I'll go ahead and try this tomorrow. I guess if I can build a successful binary using those directions we can go ahead and close the bug report. I am extremely curious as to why the tarball release generates a binary that fails in this way though. Perhaps some kind of difference in optimization?

nitrousnrg commented 5 years ago

I'm baffled as well, but at the same time, I'm not. The purpose of me pushing a motor simulator into vesc codebase is exactly this, to be able to automate tests on real hardware. If one day we bump the compiler version we could hit a problem like this and the test tools will catch the problem for us. In your pc it could be an environment variable issue, ir maybe the IDE you're using. I'd try an ubuntu virtual machine to be sure. Keep us posted!

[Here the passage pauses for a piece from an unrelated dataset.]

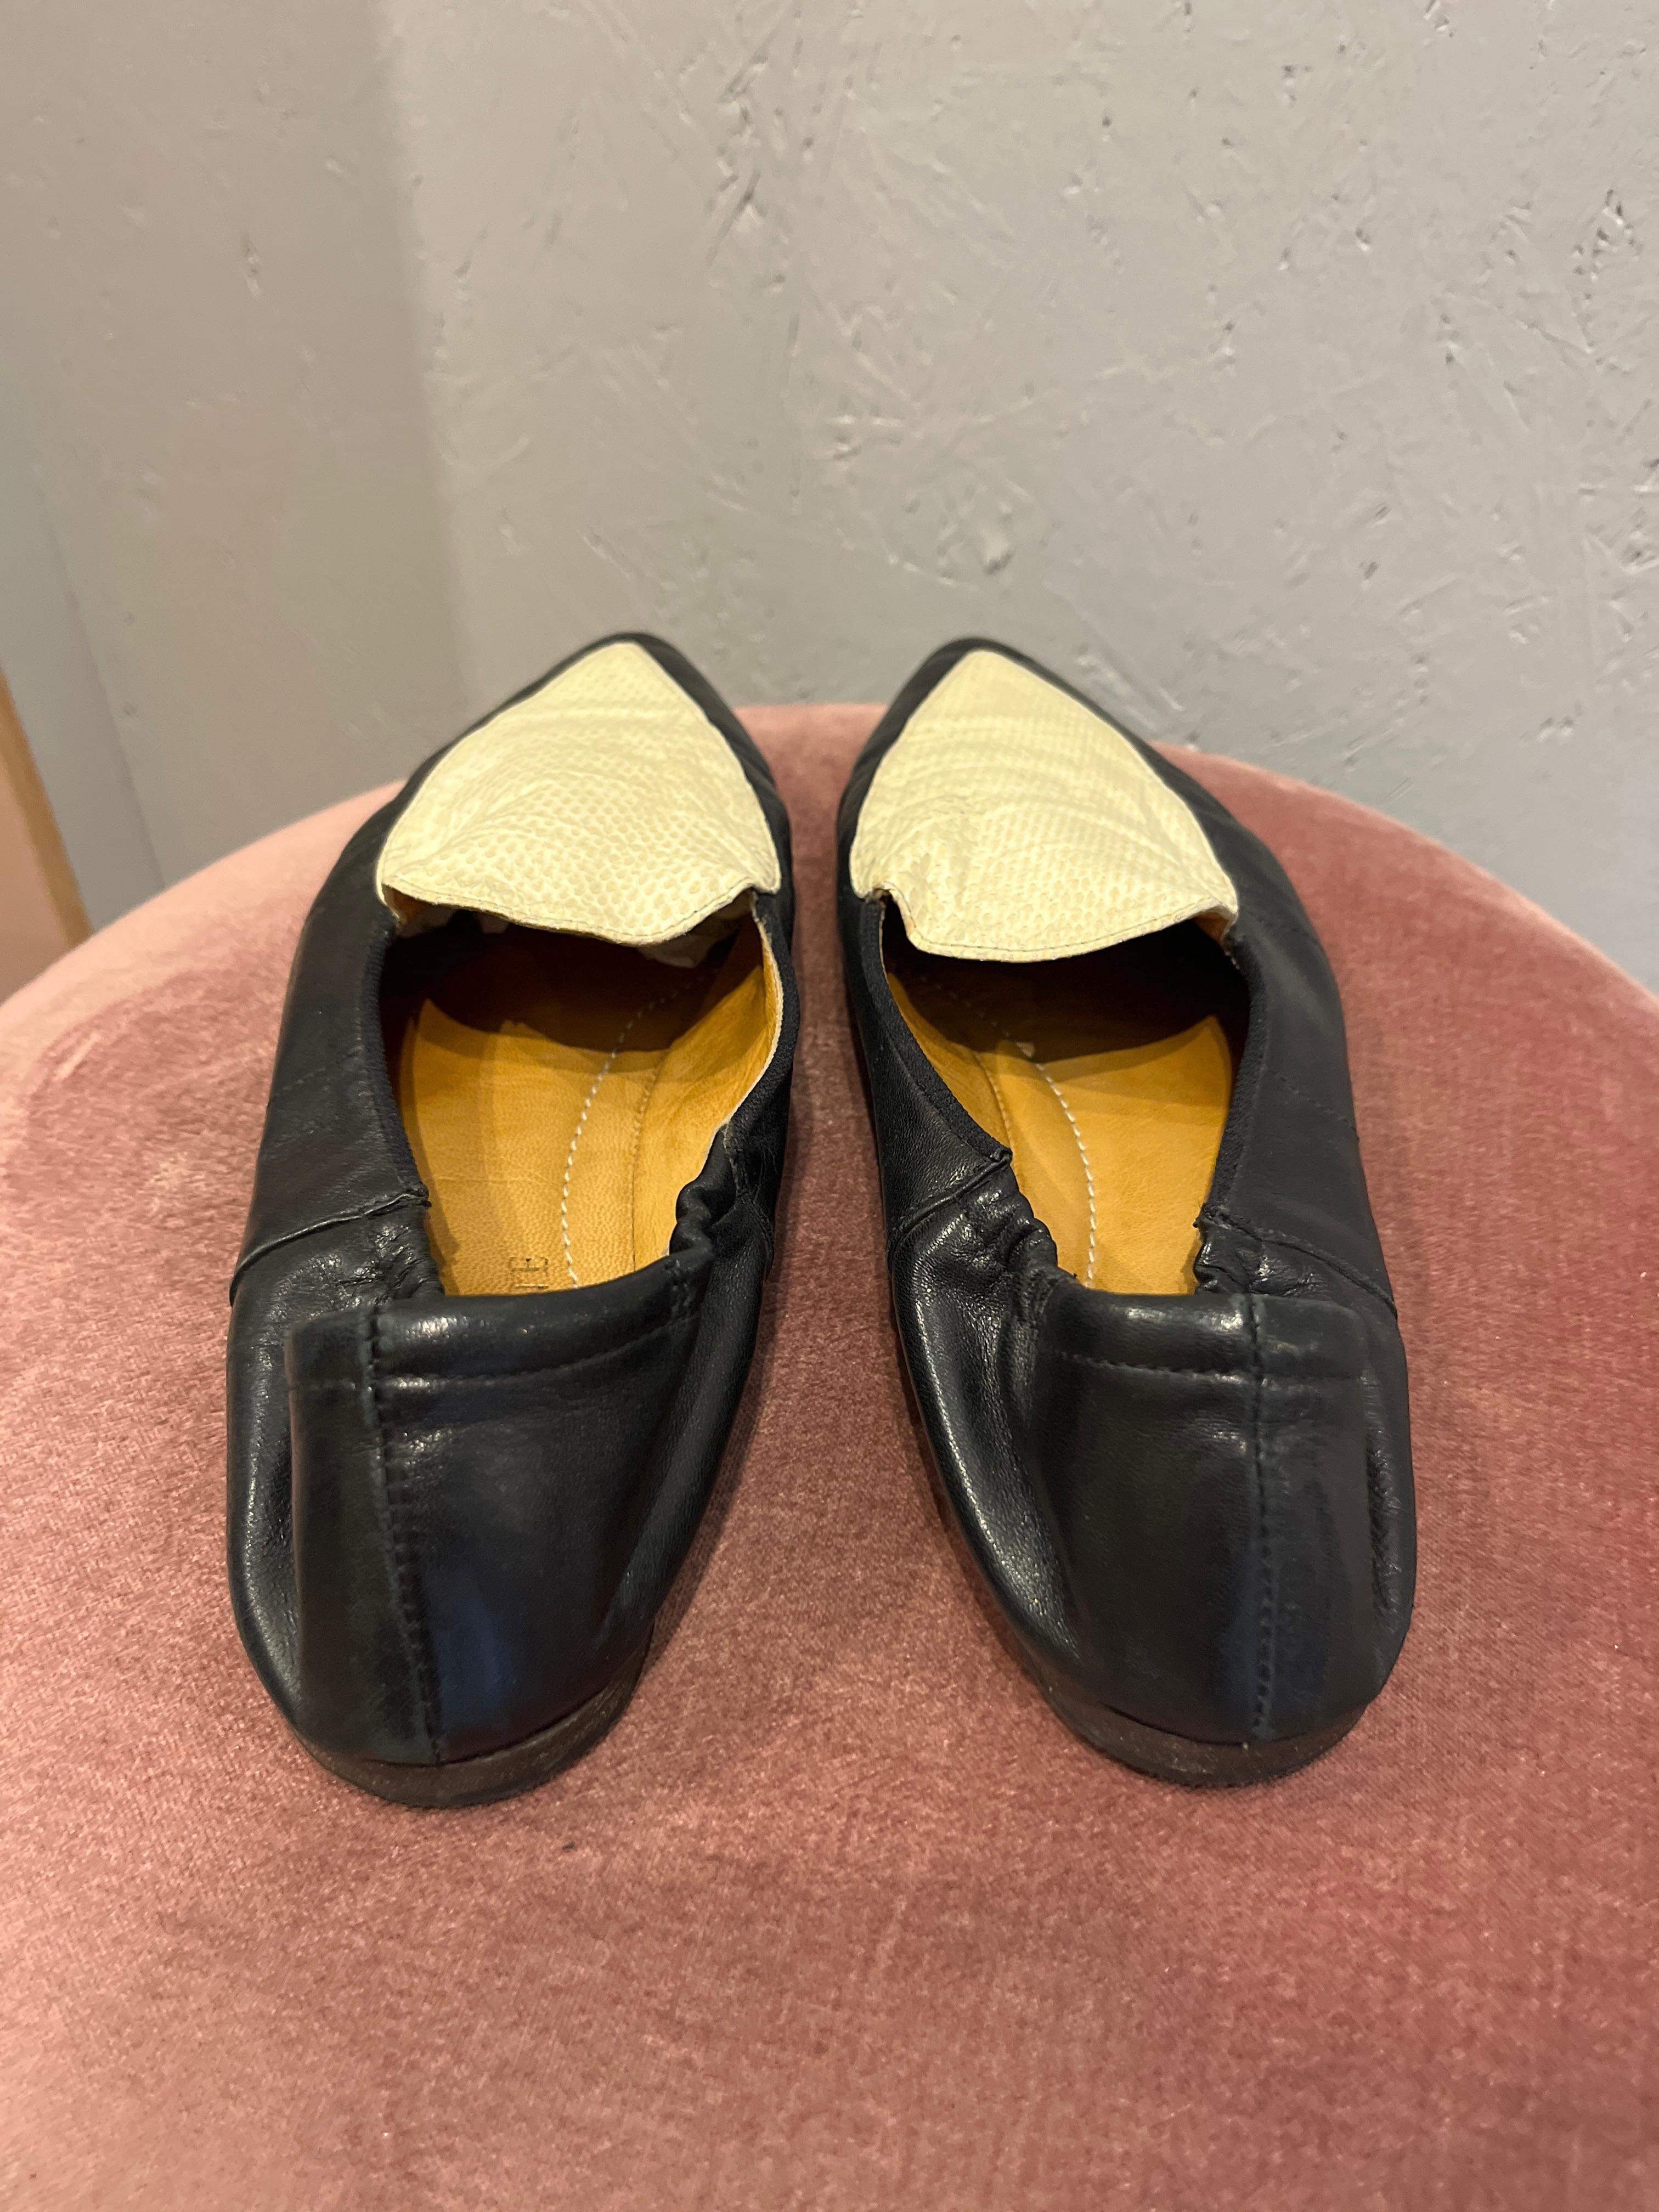 Notabene - Loafers - Size: 38 1/2
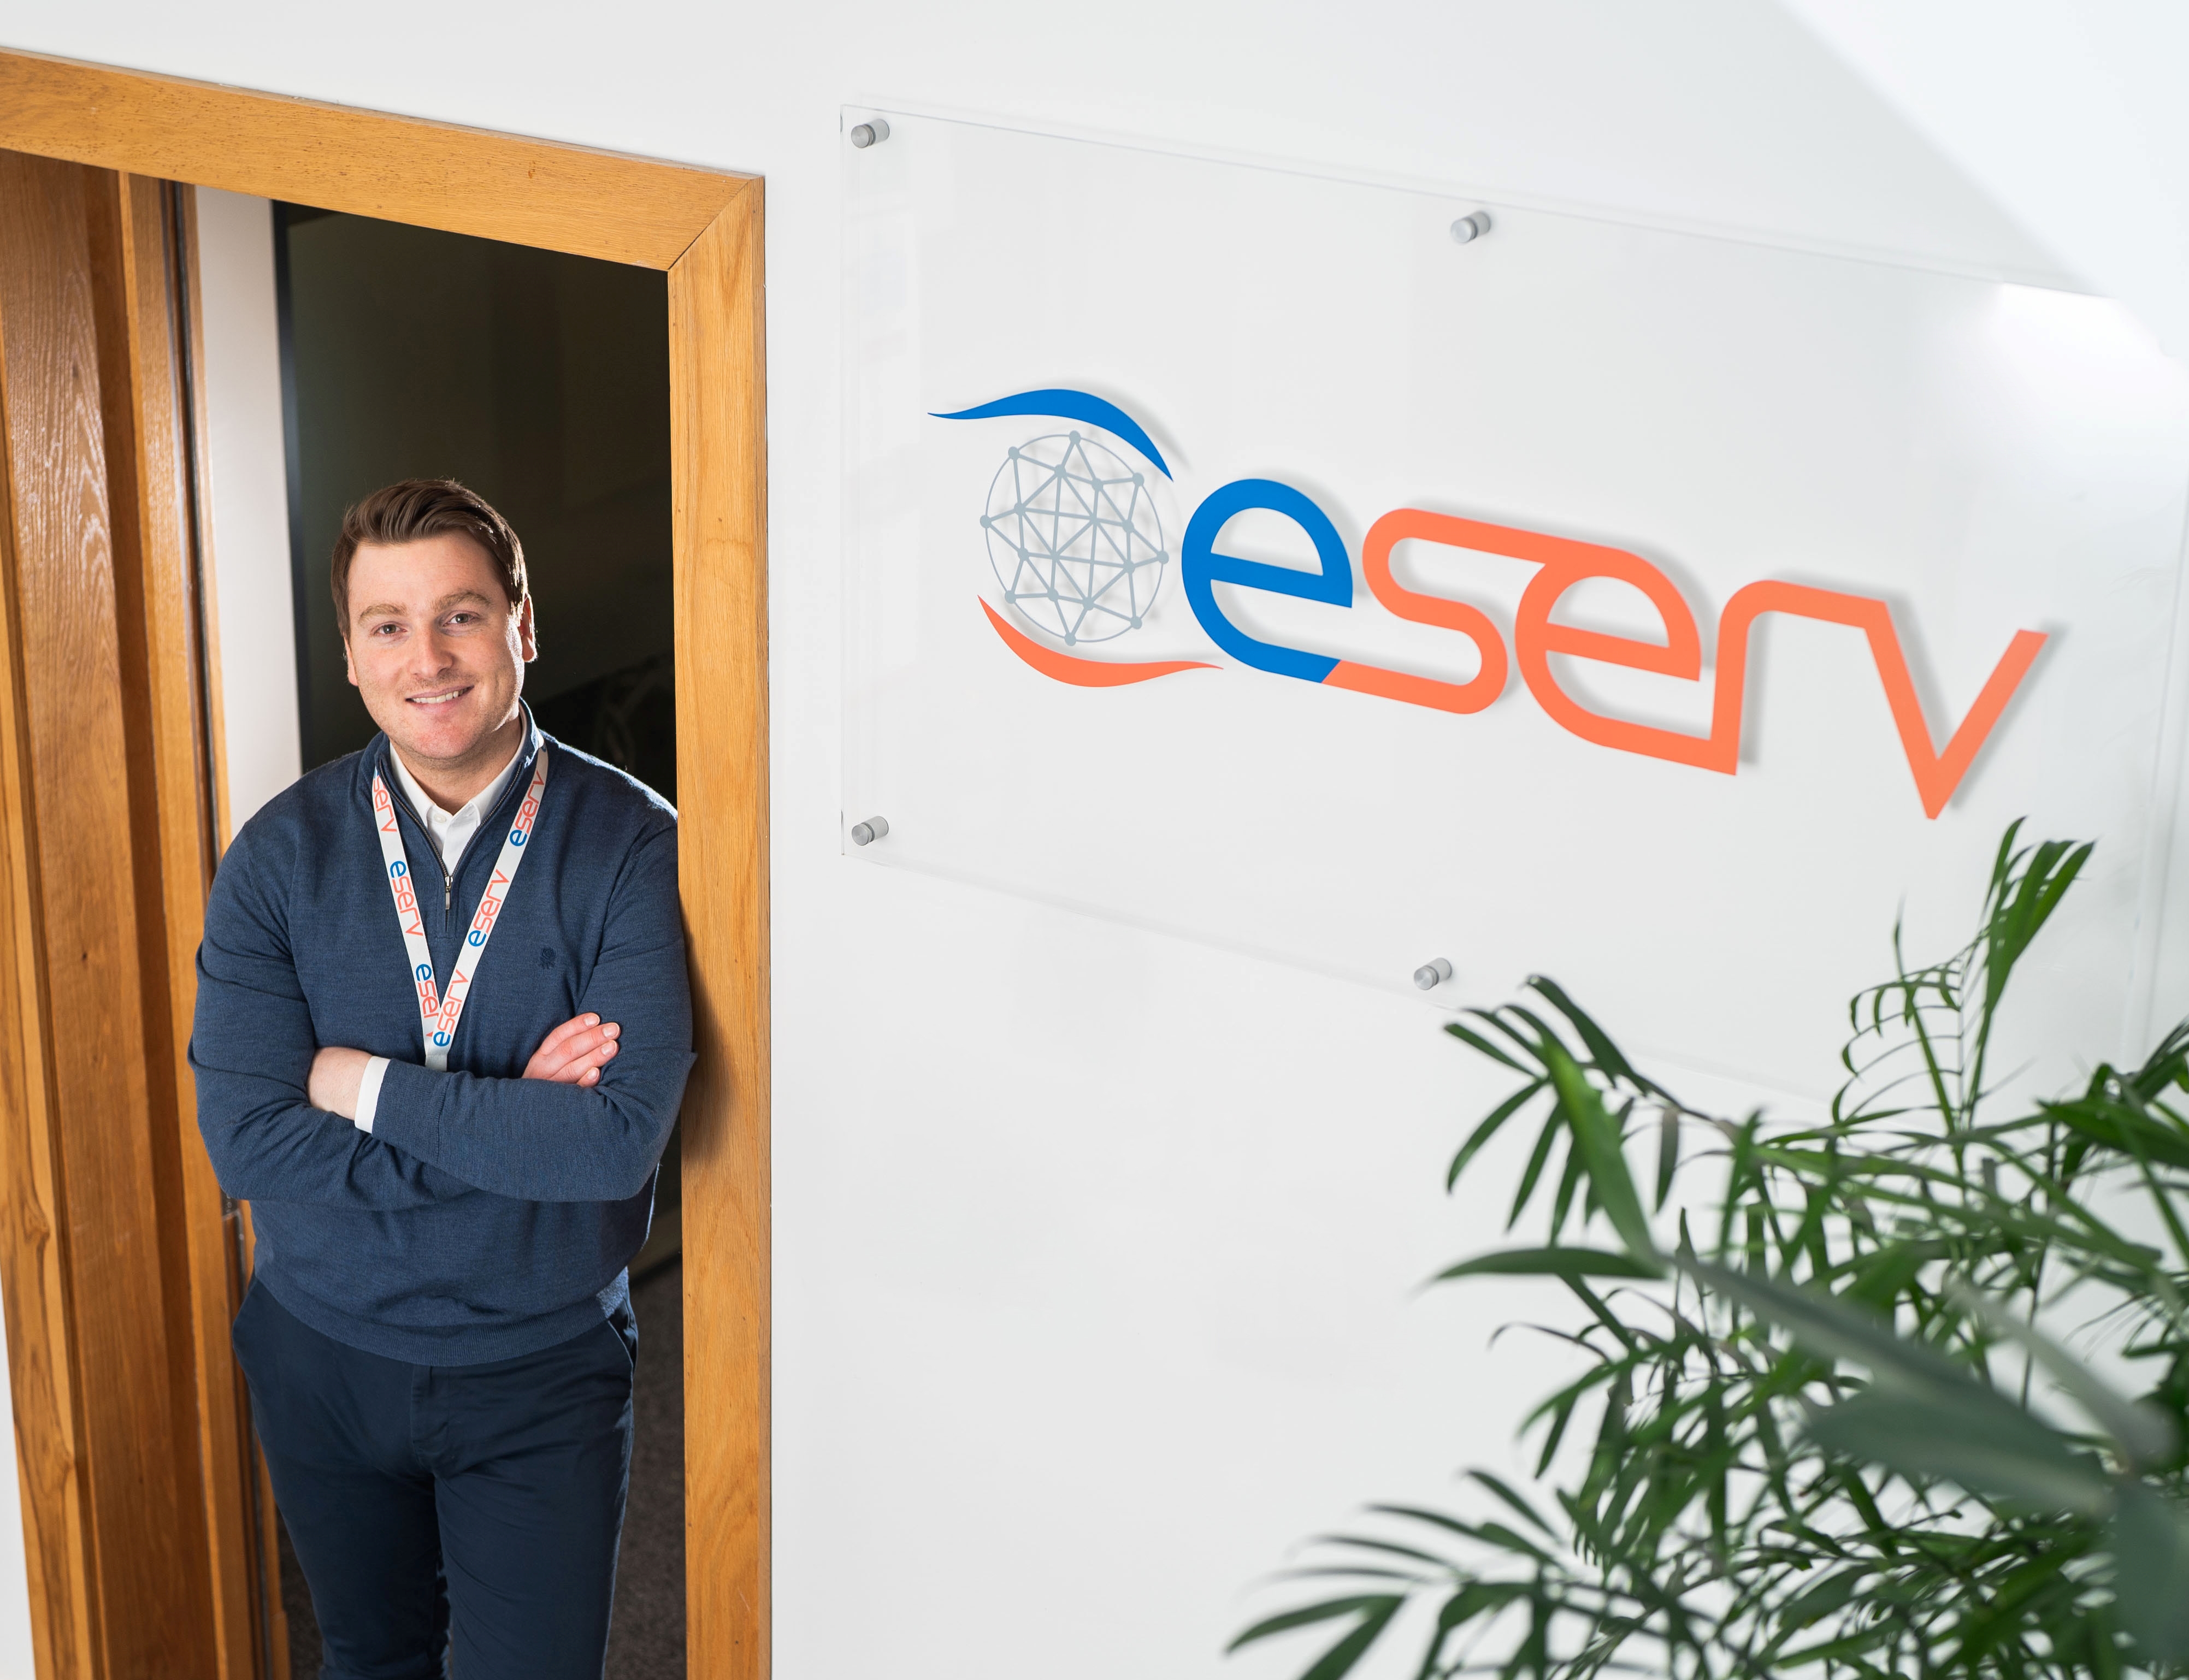 Eserv secures 3-year digital twin deal with Neptune Energy

chris1seto commented 5 years ago

I haven't had time to test this, but also I don't want to just keep this open since it's pretty clear this is some kind of bizarre build system issue. I guess we can go ahead and close it. Man, I'd really love to know where the difference is though. I'm not even sure how to debug this because I bet different versions of gcc will emit slightly different code, although I'm sure for 99.9999% of differences, it will be inconsequential. But my point is, I'm not sure how you could even diff the disassembly to pinpoint it.

vedderb commented 5 years ago

I had a look, and the GCC version you are using is 8 whereas I have been using 7. That should be no problem, but I can give it a try with the same version you are using and see if I encounter the same problem. Will report back in a few days after testing.

chris1seto commented 5 years ago

Thanks Benjamin! That would be excellent!

Guillaume227 commented 5 years ago

I happen to also have a 4.10 Flipsky around so I tested the latest firmware on it.

I have tried reducing 10ms to 1ms or 100us but still get the board reset. If I change it to just continue, it behaves fine. Do you see that too?

tdaede commented 4 years ago

FWIW I can also reproduce this on a 4.12 VESC. I was able to bisect it to the same commit. I'm using GCC 9.2.1 from Fedora's repositories. I also tried @Guillaume227 's suggestion of always continue, however that was an incomplete fix - it gets farther, but USB never comes up.

tdaede commented 4 years ago

I just rebuilt the code with gcc-arm-none-eabi-7-2018-q2-update and now it works perfectly. So it is, in fact, the gcc version that matters.

lalten commented 3 years ago

Had the same issue and can confirm, current master works when compiled with gcc-arm-none-eabi-7-2018-q2 - but will boot loop when compiled with gcc-arm-none-eabi-9-2019-q4.